Icehouse singles chronology
| "Dusty Pages" (1984) | "No Promises" (1985) | "Baby You're So Strange" (1986) |

= No Promises (Icehouse song) =

"No Promises" is a song by the Australian band Icehouse, released in October 1985, as the first single issued from the band's 1986 album, Measure for Measure. The single was released in Australia through Regular Records, on 7", 12" and maxi-cassette single formats. Chrysalis Records issued the single in the UK and Europe on 7" and 12" formats, with different track listings. "No Promises" was subsequently released in the US by Chrysalis on 7" and 12" formats, again with different track listings.
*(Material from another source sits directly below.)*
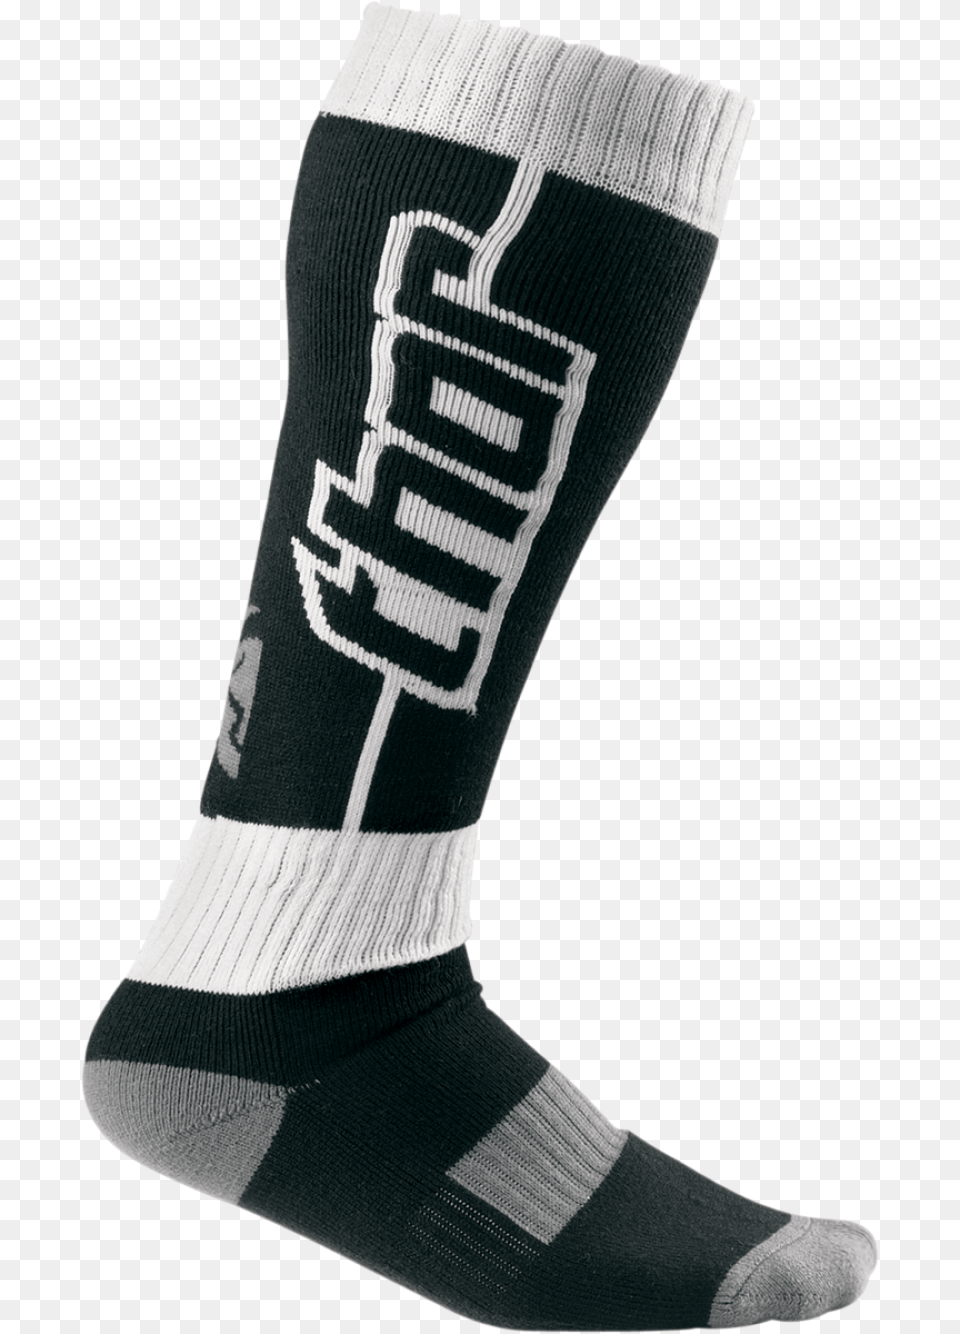 Thor Letter Socks Clothing, Hosiery, Sock Png Image

The single peaked at #30 on the Australian singles chart in February 1986.

The song was originally composed and recorded as part of the Boxes dance collaboration between Icehouse and the Graeme Murphy's Sydney Dance Company performed in late 1985 at the Sydney Opera House.

A remixed version by (Love) Tattoo was included on the Icehouse remix album Meltdown in 2002.
Two music videos were filmed to promote the single; the second of these was directed by Dieter Trattmann.

==Track listings==
- 7" single (Australian/NZ release)
1. "No Promises" – 4:10
2. "The Perfect Crime" – 3:34

- 7" single (UK/Europe release)
3. "No Promises" – 4:10
4. "The Perfect Crime" – 3:34

- 12" single (Australian/NZ release)
5. "No Promises" (extended mix)
6. "The Tempest"
7. "Gravity"
8. "Terra Incognito"

- 12" single (UK/Europe release)
9. "No Promises" (extended mix) – 7:00
10. "No Promises" – 3:40
11. "The Perfect Crime" – 5:58

- 7" single (US release)
12. "No Promises" – 3:59
13. "Into The Wild" – 4:52

- 12" single (US release)
14. "No Promises" (club mix) – 8:45
15. "No Promises" (dub) – 5:10
16. "No Promises" (instrumental) – 4:40

==Charts==

| Chart (1985–1986) | Peak position |
|---|---|
| Australia (Kent Music Report) | 30 |
| Belgium (Ultratop 50 Flanders) | 34 |
| Canada (RPM Top Singles) | 61 |
| New Zealand (Recorded Music NZ) | 29 |
| UK Singles (Official Charts) | 72 |
| US Billboard Hot 100 | 79 |
| US Billboard Top Rock Tracks | 9 |
| US Billboard Dance Club Songs | 7 |
| US Billboard Hot Dance Singles Sales | 32 |

==Trivia==

Neil Peart of Rush has claimed in his memoirs "Roadshow – Landscape With Drums: a Concert Tour by Motorcycle" that "No Promises" was his favorite song during August of 1986:

One week in August of '86, I went down to Newport with a group of friends from Toronto (the parking tag from Newport Yacht Club still hangs in my garage, and my favorite song at the time was "No Promises," by an Australian band called Icehouse-I remember playing it again and again as I drove my Porsche 911 convertible through the White Mountains of New Hampshire).